After the end of the Grand Duchy he became prefect of a department and after the defeat of Napoleon in 1814 he became interior minister of the provisional government. He was also director general of the police under King Louis XVIII. He was instrumental in drafting the Charte constitutionnelle issued by the King in 1814 . The programmatic preamble essentially came from Beugnot.

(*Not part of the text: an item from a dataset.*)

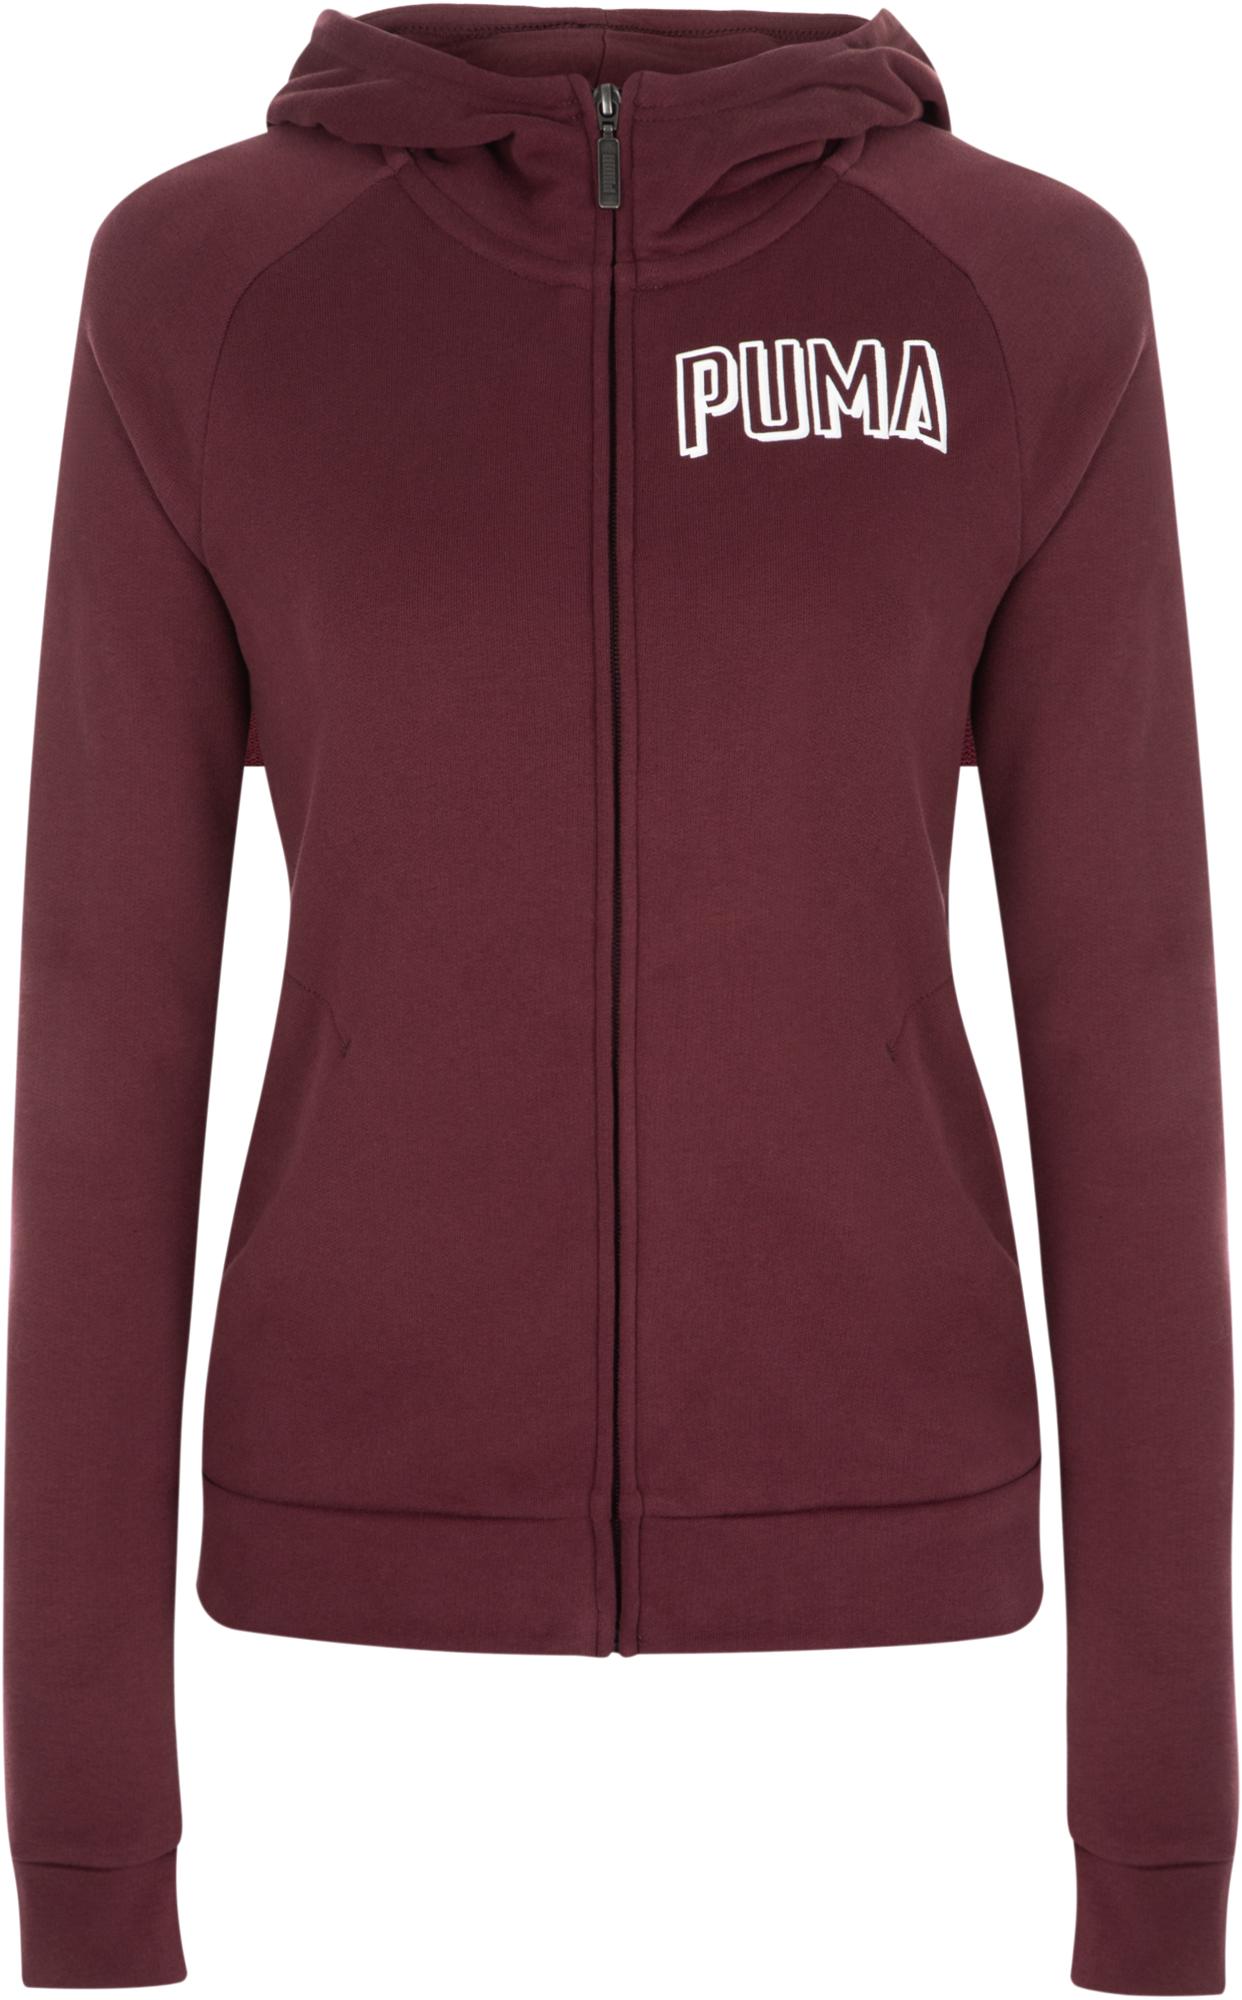 Puma Джемпер женский Puma Athletics, размер 48-50 лонгслив женский puma run hooded top w цвет светло серый 51628202 размер xl 48 50
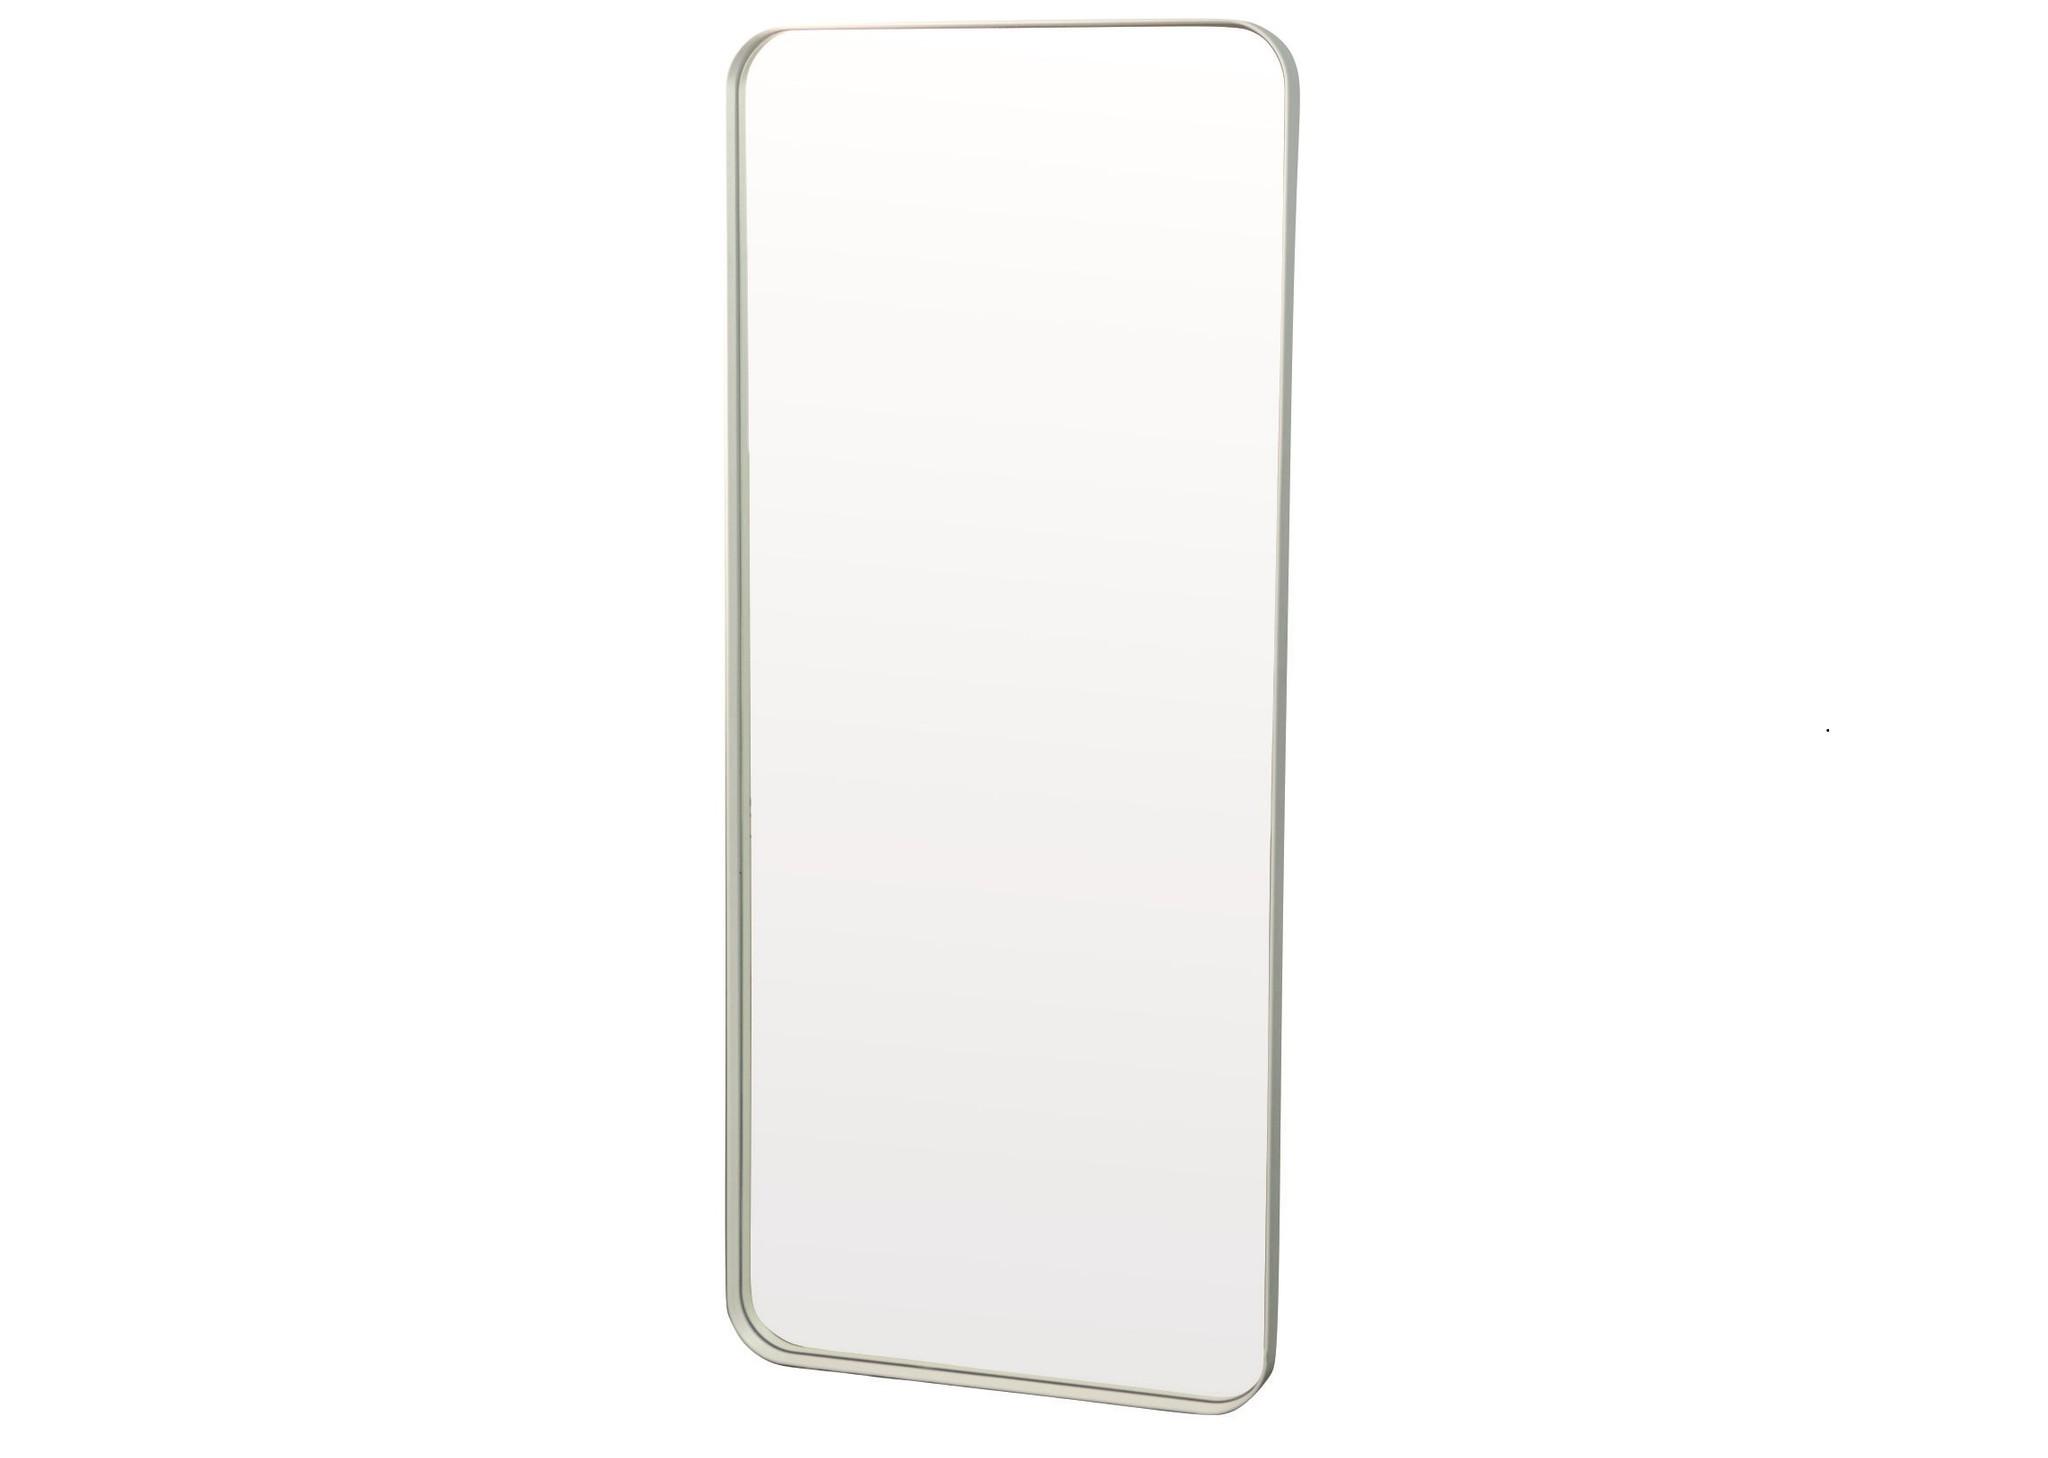 Настенное зеркало кира 140*60 (simple mirror) белый 60x140x4 см.

For a short time he was Minister of the Navy in 1815 before, after the second restoration, he held the offices of Director General of the Post, Minister of State and a member of the Privy Council . In 1815 he was also elected deputy of the Marne department . In parliament he was the rapporteur on the state budget. He gave up the seat of parliament in 1824. He left memoirs that his grandson Albert Beugnot published in 1866.

Honors

  • June 1804 Chevalier of the Legion of Honor
  • December 30, 1809 Officer of the Legion of Honor
  • June 30, 1811 Commander of the Legion of Honor
  • April 24, 1817 Grand Officier of the Legion of Honor
  • May 1, 1821 Grand Cross of the Legion of Honor

Fonts

  • Albert Beugnot (ed.): Mémoires du comte Beugnot. 1779-1815 . Hachette, Paris 1959 (EA Paris 1866).

literature

  • Jacques-Claude Beugnot . In: The Universal Dictionary of Biography and Mythology, Vol. 1 . London 1887, p. 350.
  • Albert de Broglie (Ed.): Memoirs of the Prince de Talleyrand . Paris u. a. 1895, p. 17.
  • Conversation Lexicon / New Series, First section of the first volume . Brockhaus, Leipzig 1822, p. 337.
  • Wilhelm Ribhegge: Prussia in the West. Struggle for parliamentarism in Rhineland and Westphalia, 1789–1947 . Aschendorff, Münster 2008, p. 34. ISBN 978-3-402-05489-5 .

Individual evidence

  1. Martin Kirsch: Monarch and Parliament in the 19th Century. Monarchical constitutionalism as a European type of constitution; France in comparison . Vandenhoeck & Ruprecht, Göttingen 1999, ISBN 3-525-35465-7 , pp. 300-302 (also dissertation, Humboldt University Berlin 1997).